Schwerpunktprogramm: Gesundheitsförderung für Kinder und Jugendliche in Wiener Spitälern (2005-2007)

Internationaler Hintergrund

Das Internationale Netzwerk Gesundheitsfördernder Kranken-häuser – HPH setzt zunehmend themen- und zielgruppen-spezifische Arbeitsgruppen zur Entwicklung von Methoden und Instrumenten der Gesundheitsförderung ein.
Aufbauend auf der Vorstudie „Health promotion needs of children and adolescents in the hospital“ von Isabelle Aujoulat und Fabrizio Simonelli (2003) wurde im Frühjahr 2004 eine eigene internationale Arbeitsgruppe „Health Promotion for Children and Adolescents in Hospitals“ etabliert, die vom A. Meyer University Children's Hospital, Florenz, koordiniert wird.
Erste europaweite Aktivität war eine Fragebogen-Erhebung in Krankenhäusern bzw. Abteilungen für Kinder- und Jugend-heilkunde zu Rechten der Kinder und Jugendlichen, zu Standards der Implementierung von Gesundheitsförderung und zu laufenden Gesundheitsförderungsmaßnahmen. Die Daten der europäischen Erhebung sind in einem Bericht zusammengefasst.
Unabhängig davon erklärte die WHO die Förderung der Gesundheit von Kindern und Jugendlichen zu einem ihrer Hauptziele.

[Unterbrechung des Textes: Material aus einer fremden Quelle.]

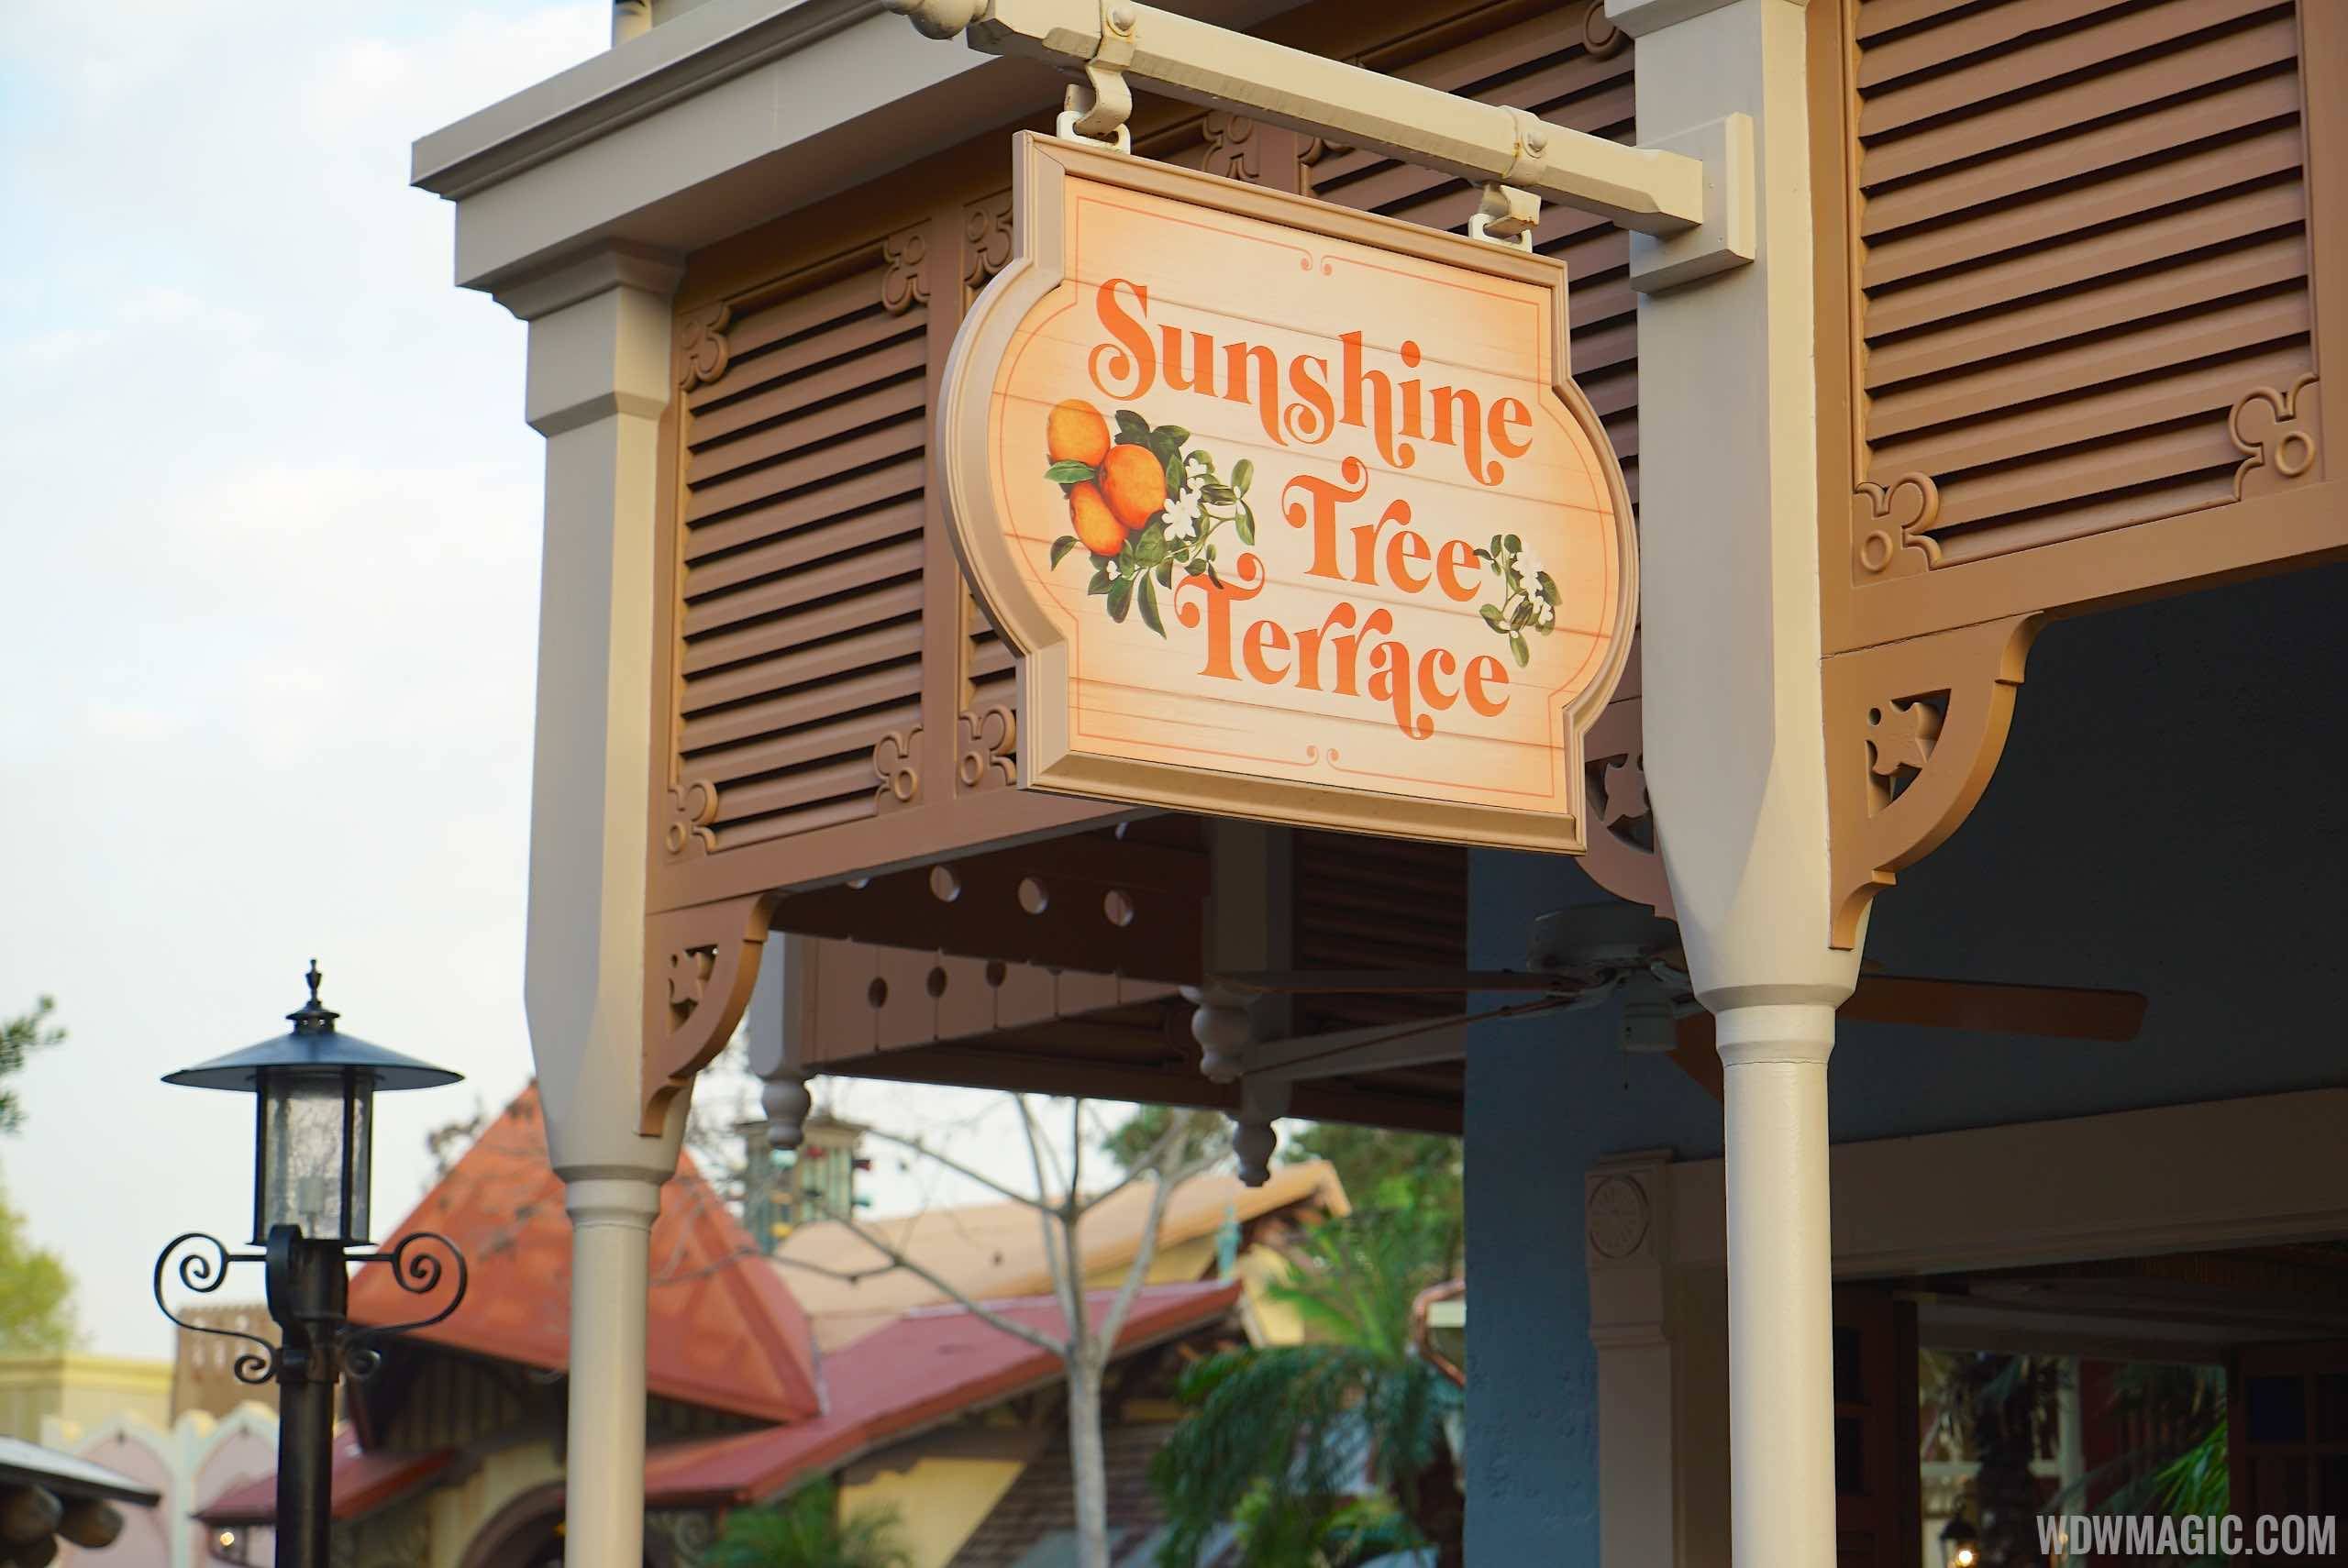 PHOTOS - Sunshine Tree Terrace opens in new location

Österreichweite Aktivitäten

Aus Österreich beteiligten sich an der europäischen Erhebung insgesamt 16 Abteilungen, davon drei aus Wien. Spezifisch für Wien unterstützte die Bereichsleitung für Struktur-entwicklung die Weiterentwicklung von Gesundheitsförderung in Kinderabteilungen. Im Jahr 2005 wurde aufbauend auf die europäische Erhebung eine Voll-erhebung an allen Wiener Kinderabteilungen durchgeführt, die Ergebnisse wurden im September 2005 im Rahmen der 44. Jahrestagung für Pädiatrie präsentiert. (vgl. auch Posterpräsentation, 14. IC-HPH, Palanga, 2006)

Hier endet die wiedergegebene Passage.